Ce mois de mai, Jean Balsamo, Michel Magnien et Catherine Magnien-Simonin ont présenté la dernière version des "Essais" de Montaigne à la "Pléiade" chez Gallimard, bien sûr. C’est un chef-d’oeuvre d’édition ! En effet, nous pouvons lire à nouveau la version la plus sûre et aboutie des "Essais", qui sont le joyau de la littérature française et universelle.
Jusqu’à présent et depuis un siècle, les éditeurs et philologues avaient décidé de consacrer, à une vaste échelle, la version de l’exemplaire dit "de Bordeaux". Et parce qu’il s’agit du seul exemplaire qui nous soit parvenu de l’édition de 1588, aussi annoté des ajouts et des repentirs de Montaigne soi-même. Pourtant, on dut constater que l’édition de 1595, qui est posthume à l’auteur, était bien plus complète car travaillée par le texte même de l’"exemplaire de Bordeaux". On suppose même que l’édition posthume de 1595 a été conçue par Montaigne, et par le biais d’un exemplaire imprimé/manuscrit perdu. Et que l’exemplaire égaré devait probablement être plus riche encore d’annotations que l’"exemplaire de Bordeaux". C’est la conclusion de Jean Balsamo, qui a justifié ce nouveau travail de présentation du livre absolu, d’après l’édition posthume de 1595.

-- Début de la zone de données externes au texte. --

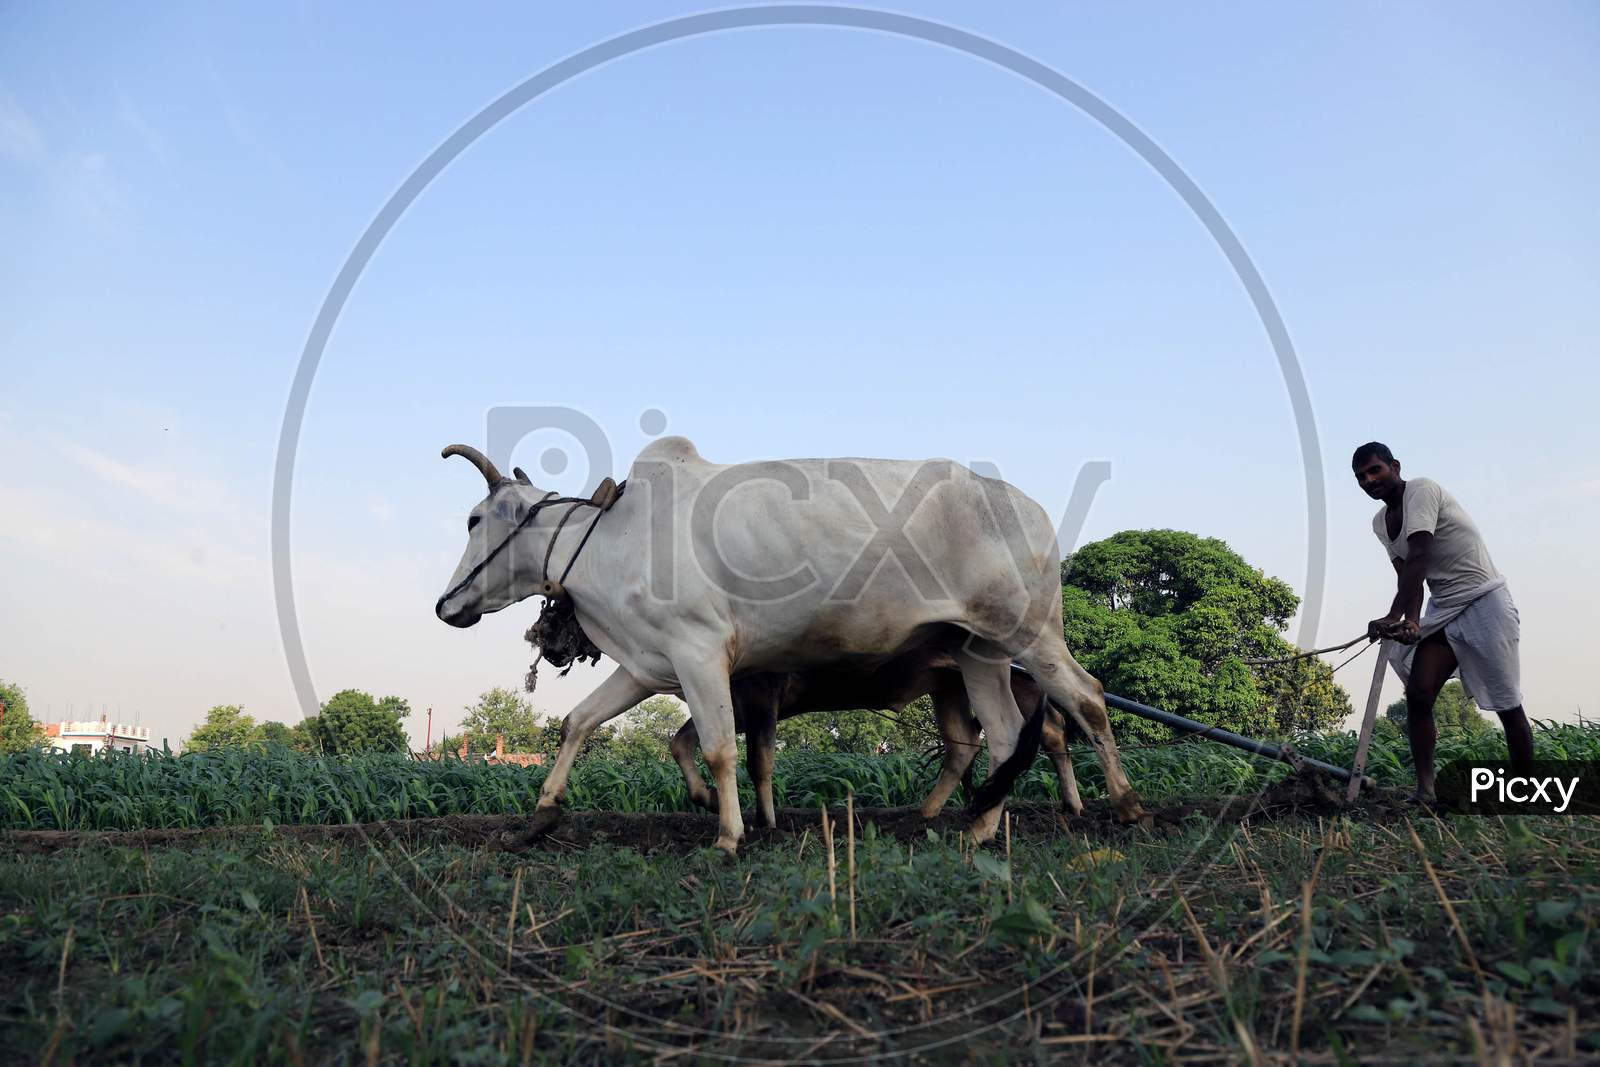 An Indian Farmer Ploughing His Field with Bullocks During Lockdown Time For Corona Virus ( COVID-19) Pandemic in Prayagraj.April 21,2020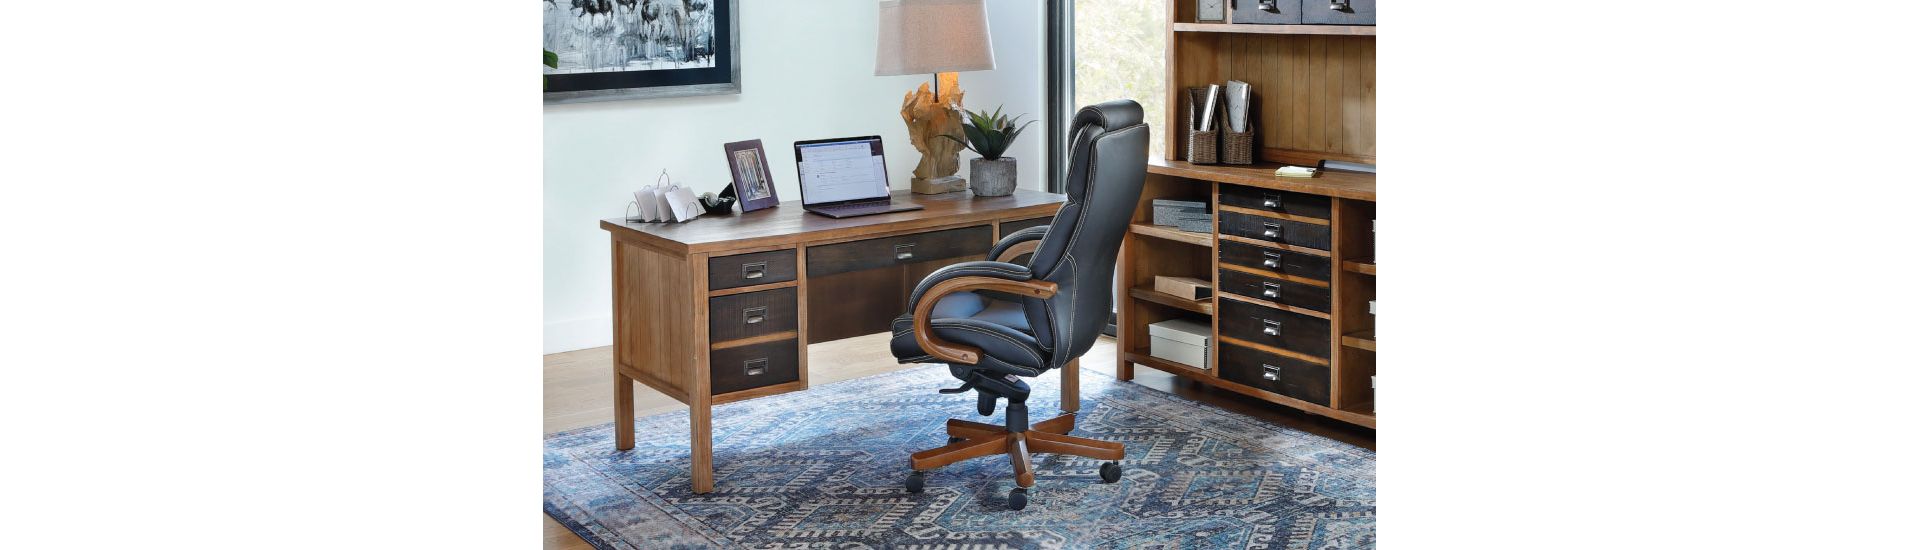 https://furniturerow.scene7.com/is/image/FurnitureRow/Office-DeskChairs-Heritage?dpr=off&fit=fit,1&wid=1920&fmt=jpg

L’"exemplaire de Bordeaux" est désormais jugé trop hybride, entre le texte imprimé et les ajouts manuscrits, pour qu’il soit encore considéré comme un objet abouti. Désormais, on le comprendra plutôt comme un moment du laboratoire de l’écriture, qui a été trop sanctifié durant un siècle. Et donc, au détriment de la restitution du vrai Montaigne original que Rousseau, Pascal, Nietzsche et Proust lurent, pour en être tous transformés d’un coup, de ces deux milles pages jamais identiques.
Dans ces trois livres des ""Essais", on fait la rencontre avec un homme simple et vrai. Certes, Montaigne est nourri des auteurs antiques et surtout latins, dont il lâche des citations toujours justifiées par le contexte mesuré. Mais, il va marchant comme dans la galerie de la pensée contemporaine. Il a sa bibliothèque sous la main. Et il choisit souvent Plutarque, dont il donne toutes anecdotes distrayantes. Et qu’elles nous informent au passage sur la sagesse et la folie des hommes qui n’a pas de fond.
Michel Eyquem de Montaigne a créé le genre et la technique littéraire de l’"essai". Il s’agit d’une sorte de dialogue libéré avec soi-même. Et pour dégager autant la réflexion, que pour construire l’individu comme une sagesse qui s’incarne. Ainsi, a-t-il élaboré les meilleurs outils littéraires, pour amener la méthode scientifique de l’ère moderne. Et ceci, bien qu’il fût l’auteur et le style maniériste par excellence. A la vérité, de 1571 à 1592, on voit bien se constituer une sorte de matière d’homme moderne, dégagé ou émancipé des obligations religieuses et de tous dispositifs qui enchaîneraient l’homme et même sa pensée.
C’est pourquoi on sent cette liberté dans ce texte premier et ultime, qui ne paraît jamais fixe dans sa forme et son style, qui sont toujours changeants et neufs. C’est un grand oeuvre de phénoménologie de la pensée, qui irait consciemment à sa propre rencontre. Et, par le biais du livre comme une barque solaire, cette pensée ou ce soi voyage à travers les siècles : à l’intact, au vif. C’est donc Montaigne vivant que l’on peut rencontrer et connaître, aujourd’hui, dans ces pages merveilleuses de richesses inépuisables de lectures... toujours recommencées.